*** DATA SUPPLIED Section Begins ***

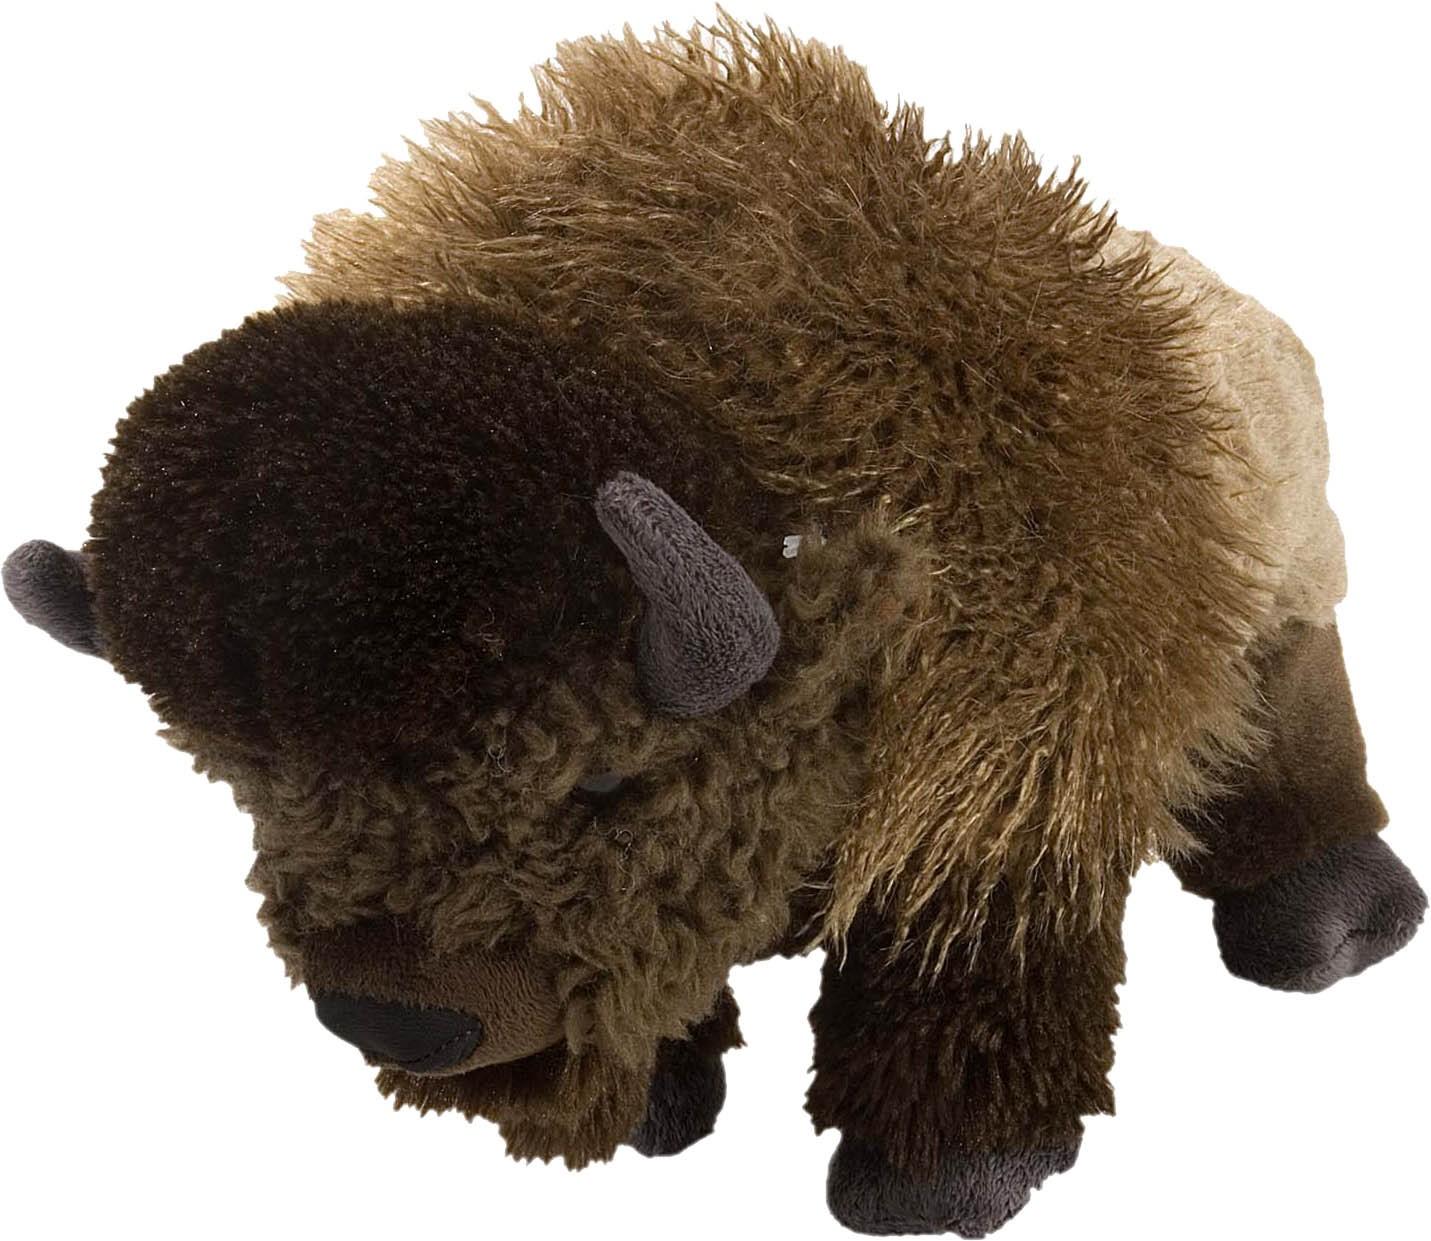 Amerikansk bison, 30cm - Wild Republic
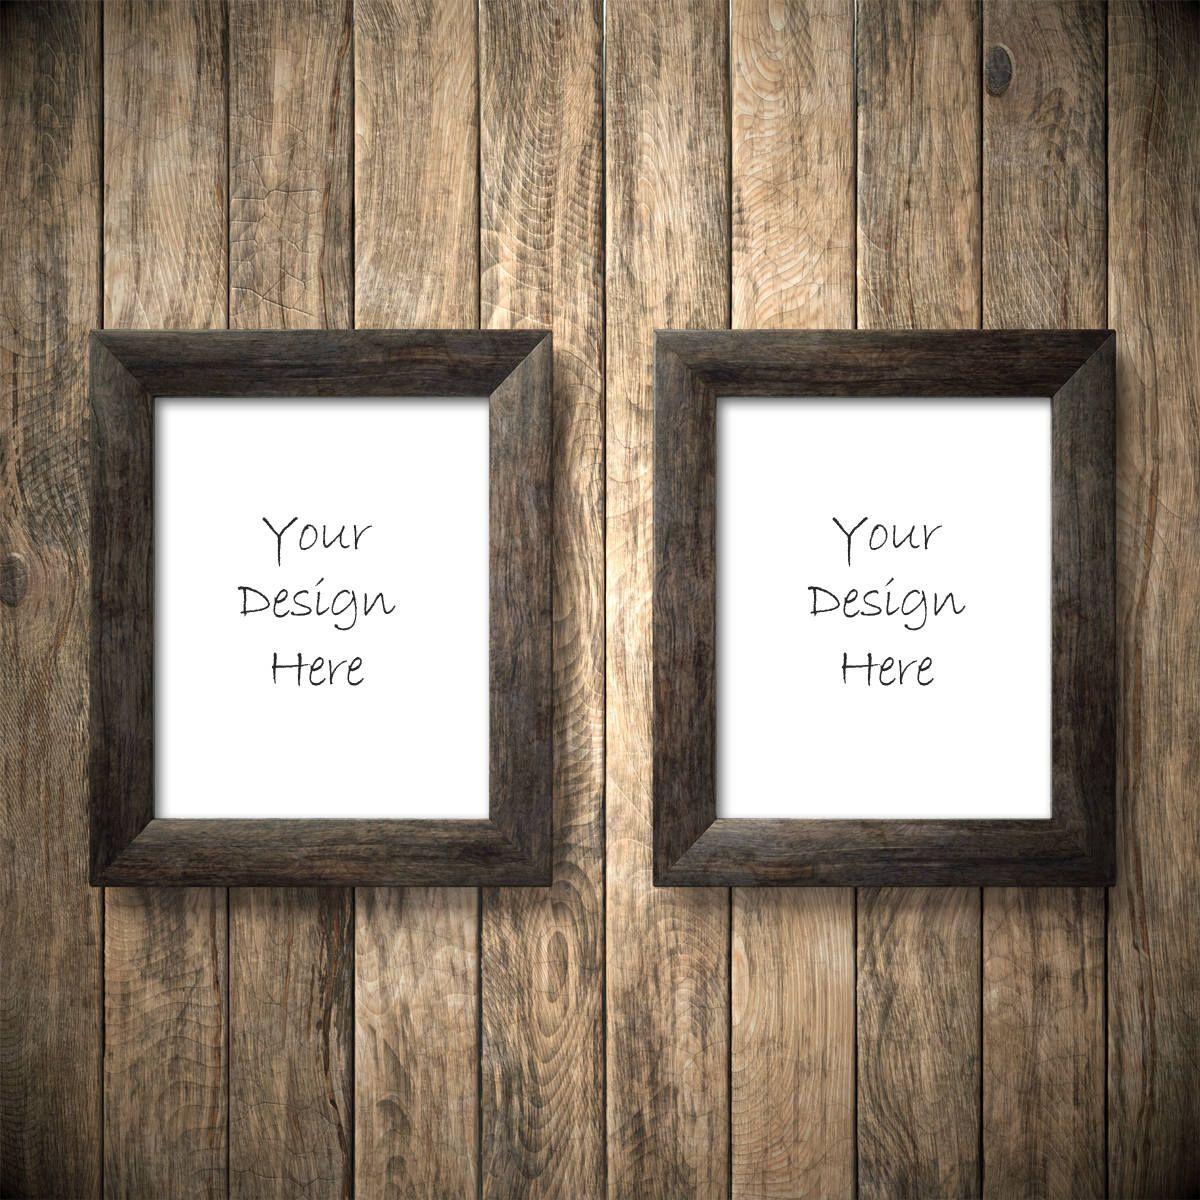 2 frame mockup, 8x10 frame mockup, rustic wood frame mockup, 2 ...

*** DATA SUPPLIED Section Ends ***
*** DATA SUPPLIED Section Begins ***

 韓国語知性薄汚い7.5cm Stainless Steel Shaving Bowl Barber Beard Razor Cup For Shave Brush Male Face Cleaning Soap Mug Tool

*** DATA SUPPLIED Section Ends ***

Copy only this from above: the line containing "Amerikansk bison, 30cm - Wild Republic", the line containing "2 frame mockup, 8x10", and all lines between, printed exactly. Leave out the pictures.

 Amerikansk bison, 30cm - Wild Republic
 2 frame mockup, 8x10 frame mockup, rustic wood frame mockup, 2 ...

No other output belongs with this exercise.